The master equality polyhedron with multiple rows

The master equality polyhedron (MEP) is a canonical set that generalizes the master cyclic group polyhedron (MCGP) of Gomory. We recently characterized a nontrivial polar for the MEP, i.e., a polyhedron T such that an inequality defines a nontrivial facet of the MEP if and only if its coefficient vector forms a vertex of T. In this paper, we study the MEP when it is defined by m > 1 rows. We define the notion of a polaroid, a set containing all nontrivial facet defining inequalities. We show how to use linear programming (LP) to efficiently solve the separation problem for the MEP when the polaroid has a compact polyhedral description. We obtain such descriptions via subadditivity conditions when m = 2 or m = 3 and, using LP duality, show how to efficiently optimize over the MEP. These results yield a pseudo-polynomial time LP-based algorithm to solve the problem min$${\{cx : Ax = b, x \geq {\bf 0}, x \in \mathbb{Z}^n\}}$$ when A has at most three constraints.

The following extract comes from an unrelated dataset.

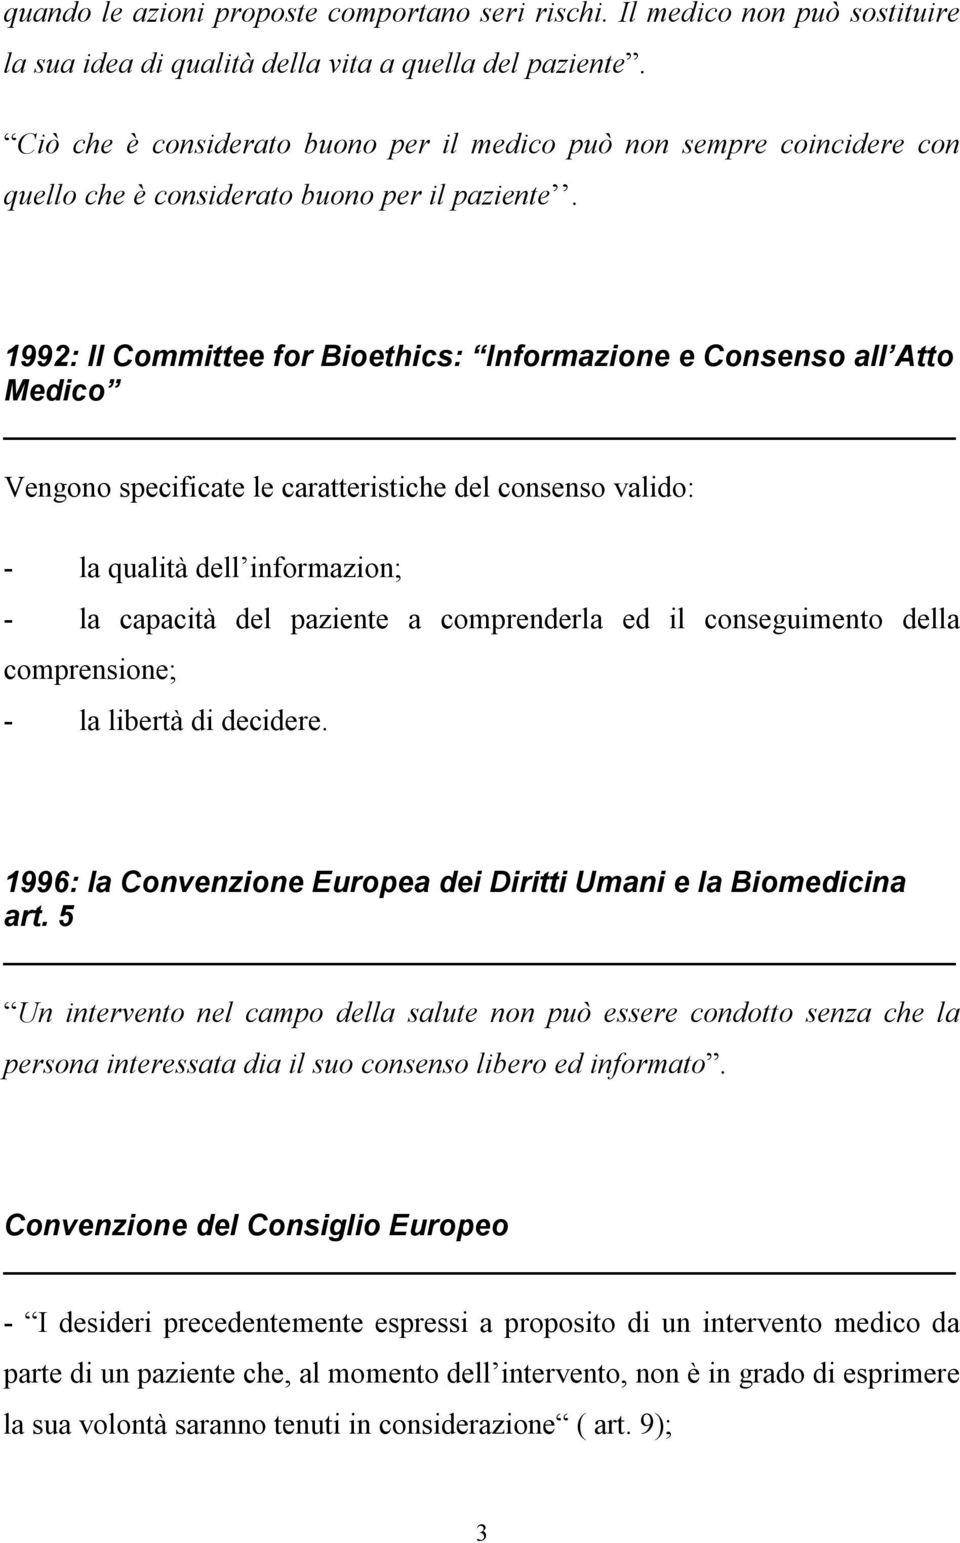 1992: Il Committee for Bioethics: Informazione e Consenso all Atto Medico Vengono specificate le caratteristiche del consenso valido: - la qualità dell informazion; - la capacità del paziente a
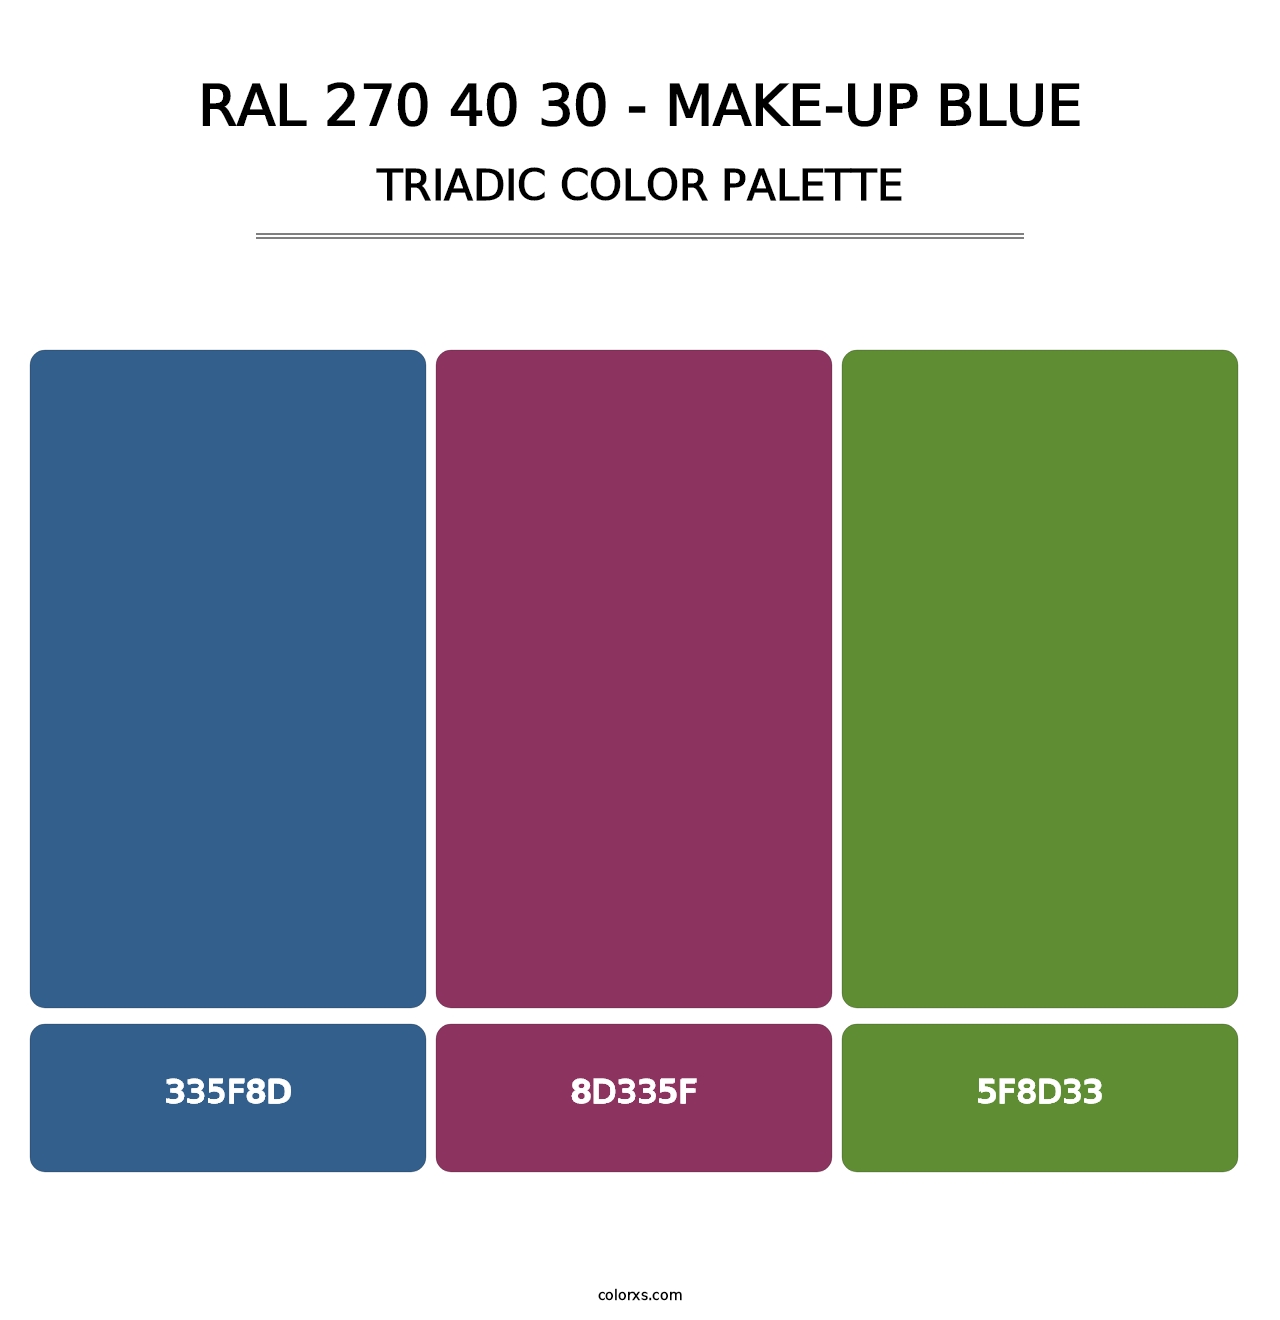 RAL 270 40 30 - Make-Up Blue - Triadic Color Palette

For the MCGP and the MEP defined by a single constraint, the notions of two-term subadditivity and valid inequalities for MEP are essentially equivalent. We show this is not true in the case of the MEP when m ≥ 3; In fact, we prove that subadditivity conditions with a sub-exponential number of terms do not imply validity. In particular, when m = 3, we show that four-term subadditivity conditions are necessary and sufficient for validity.